Data listing »
- - -

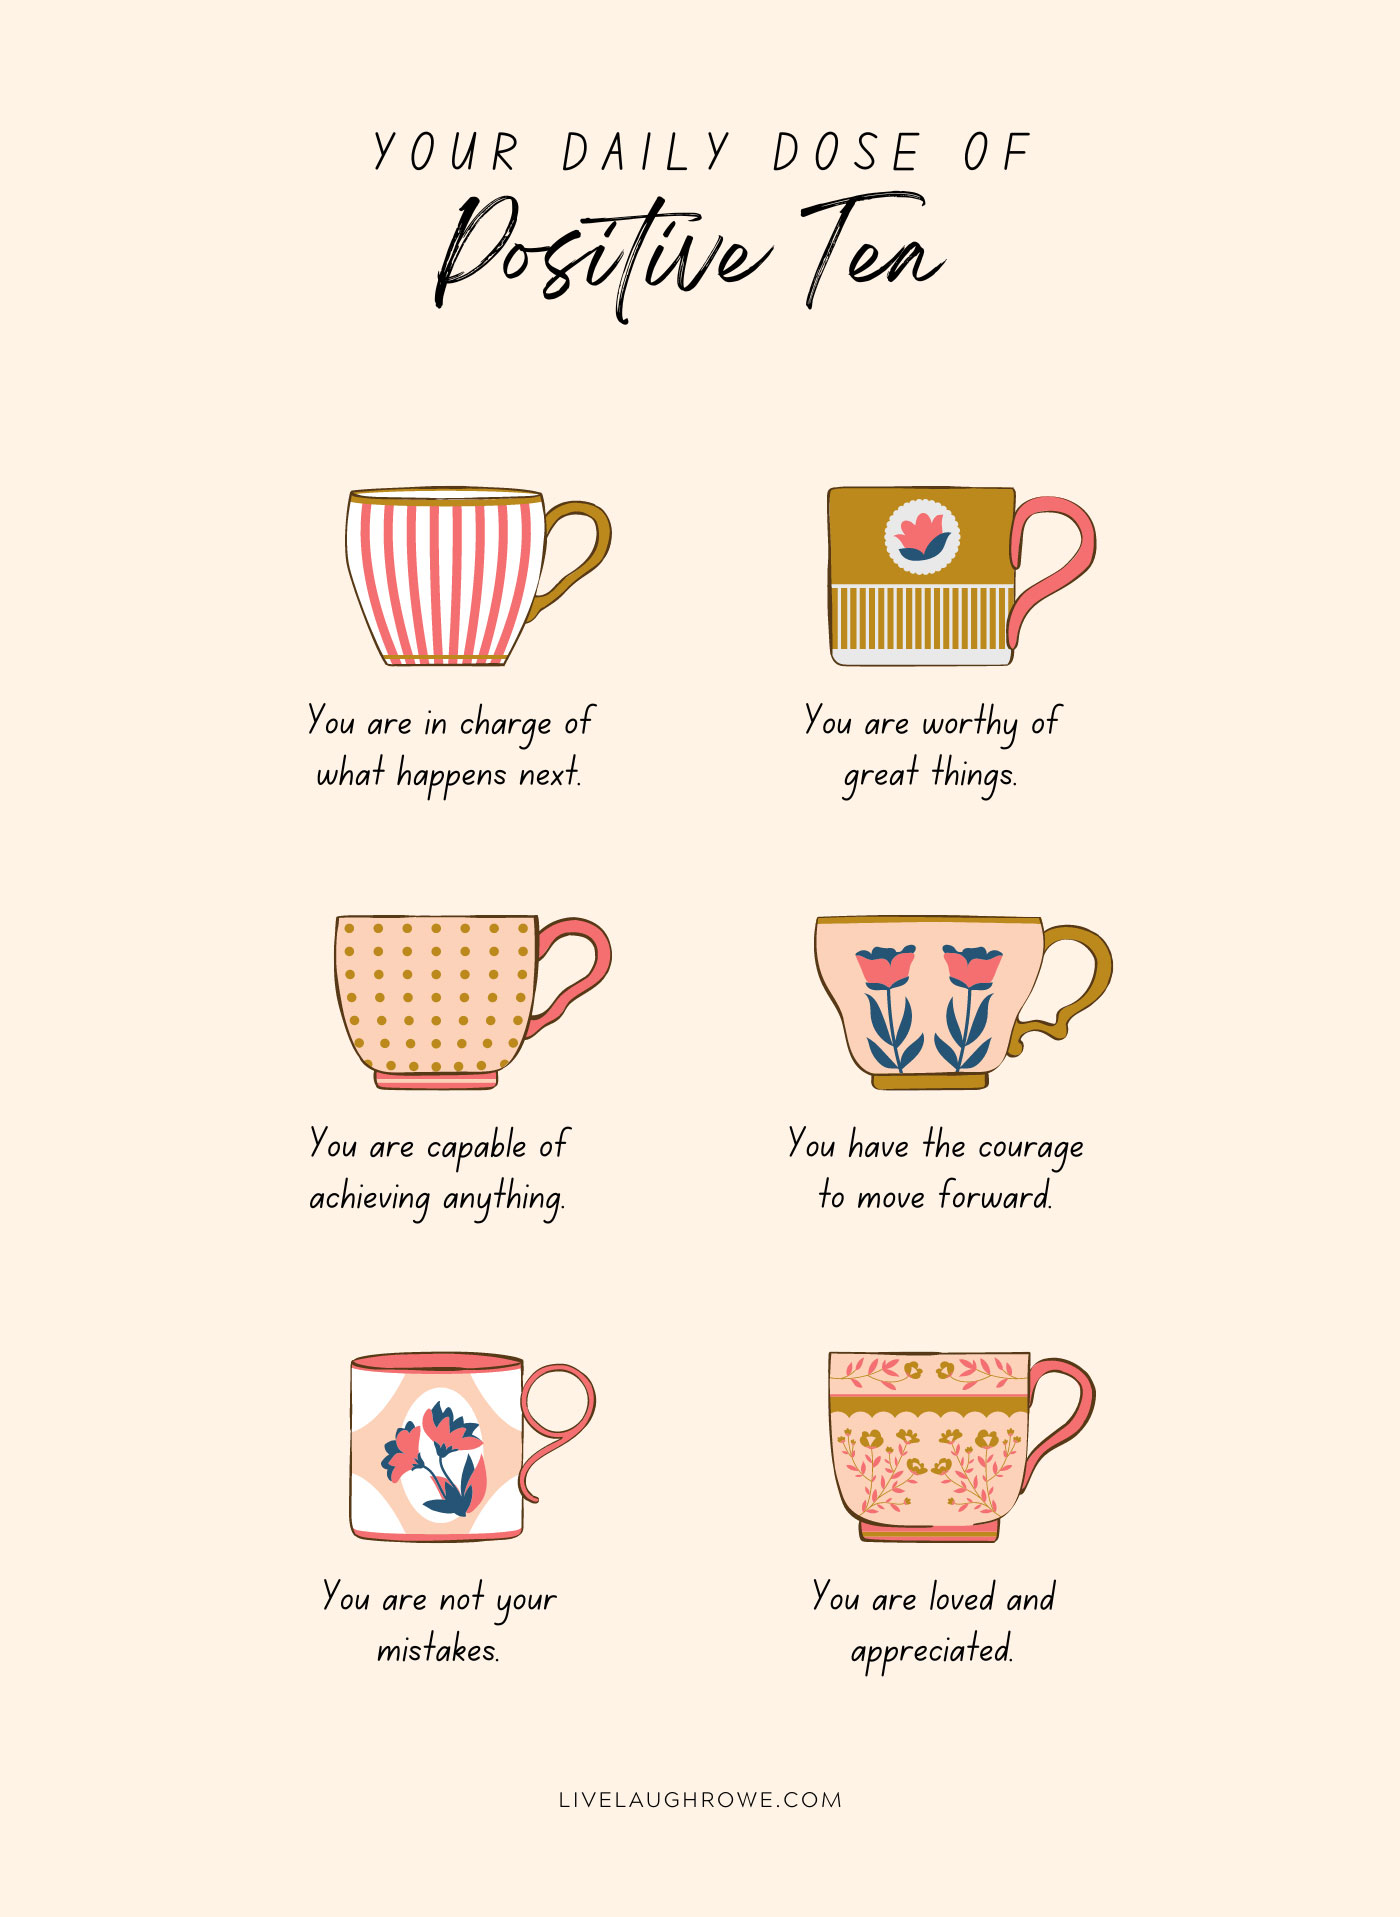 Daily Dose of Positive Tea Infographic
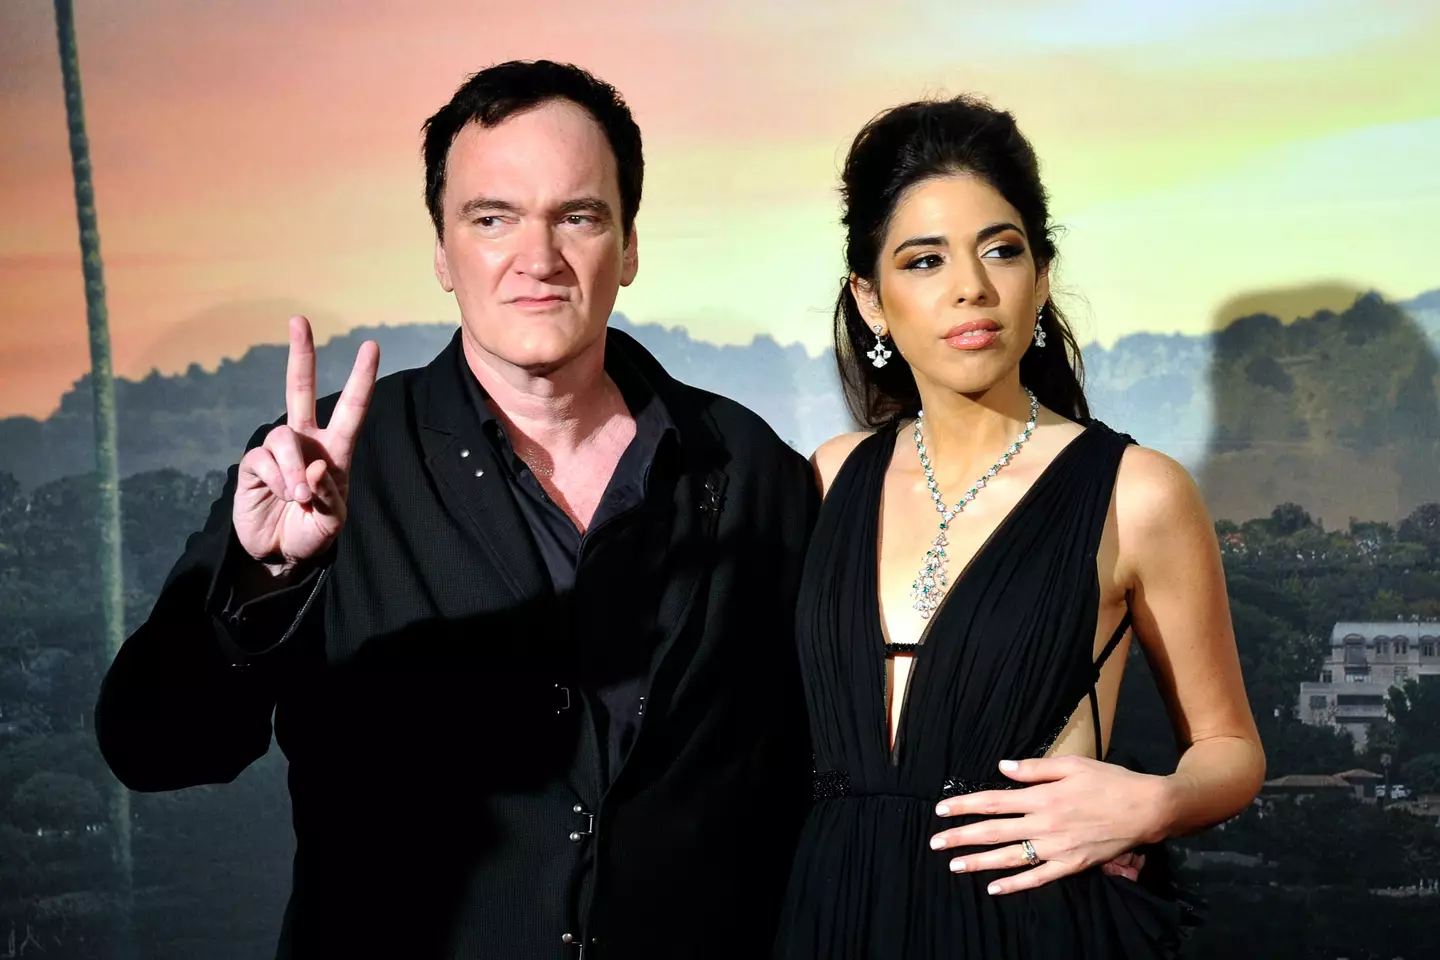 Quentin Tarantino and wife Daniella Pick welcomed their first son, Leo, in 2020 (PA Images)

- - -

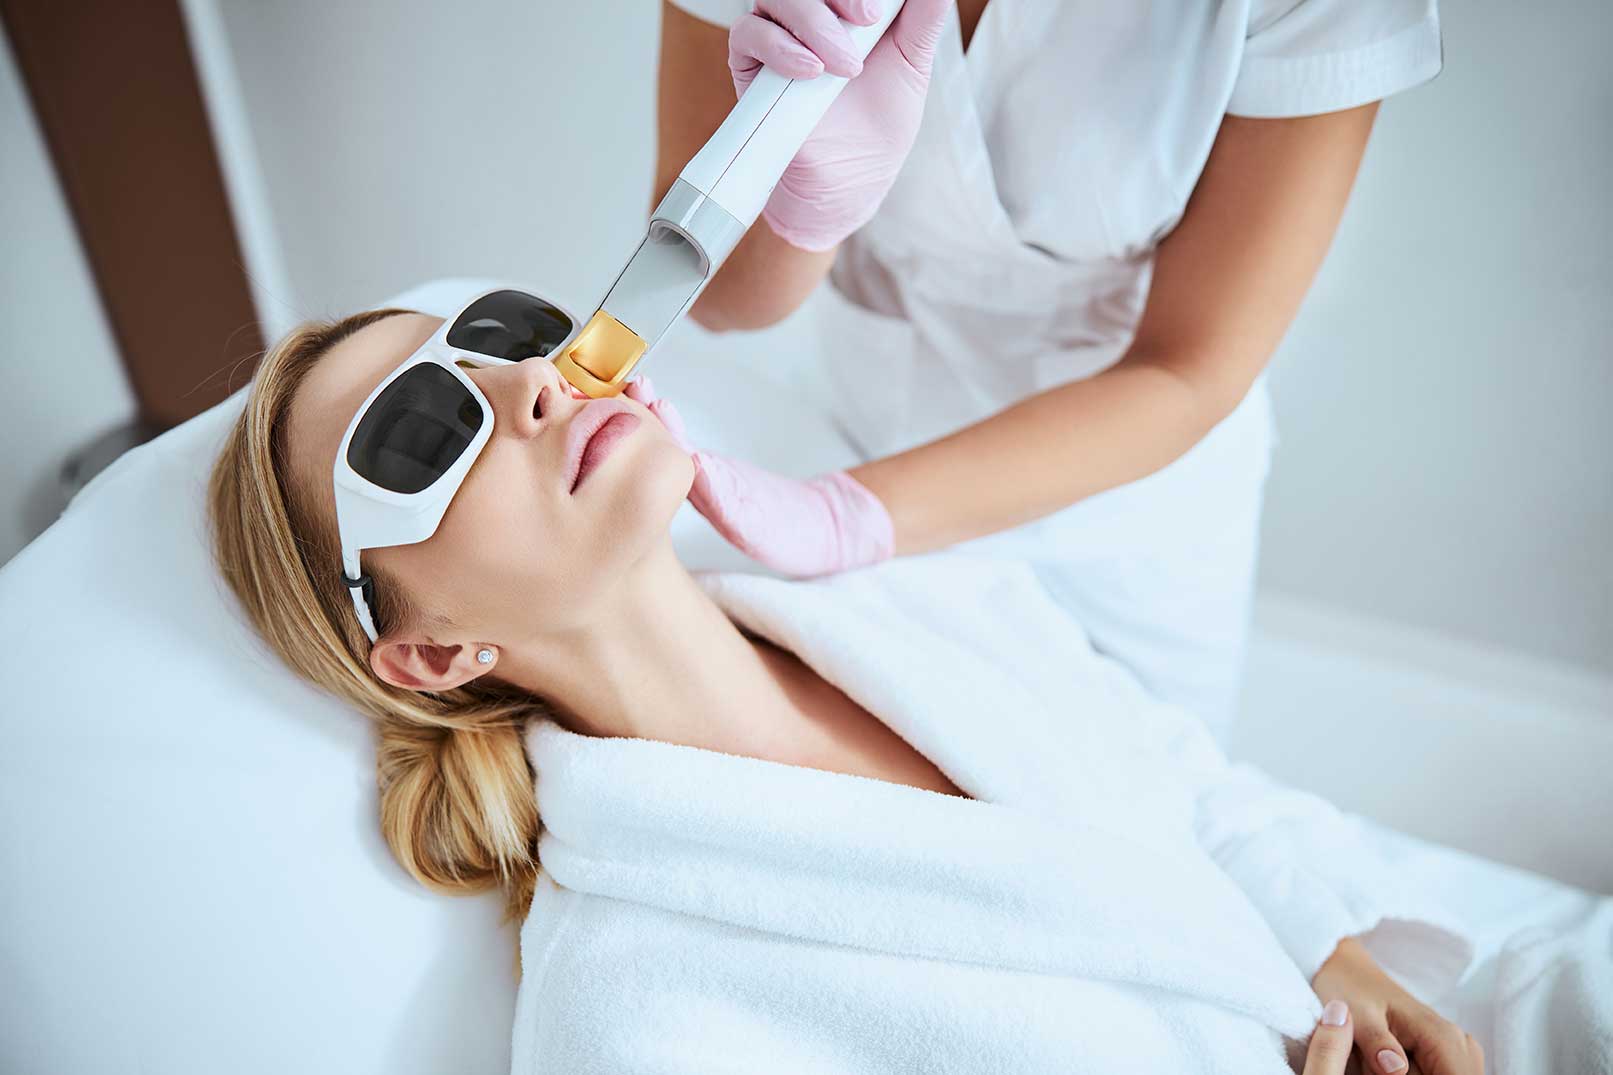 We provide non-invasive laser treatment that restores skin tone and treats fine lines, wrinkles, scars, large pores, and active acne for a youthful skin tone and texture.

- - -

Exercise » Within the listing above, the lines from the one with "Daily Dose of Positive Tea Infographic" through the one with "Quentin Tarantino and" are to be given again word for word. Do not include pictures.

Exercise result »
 Daily Dose of Positive Tea Infographic
 Quentin Tarantino and wife Daniella Pick welcomed their first son, Leo, in 2020 (PA Images)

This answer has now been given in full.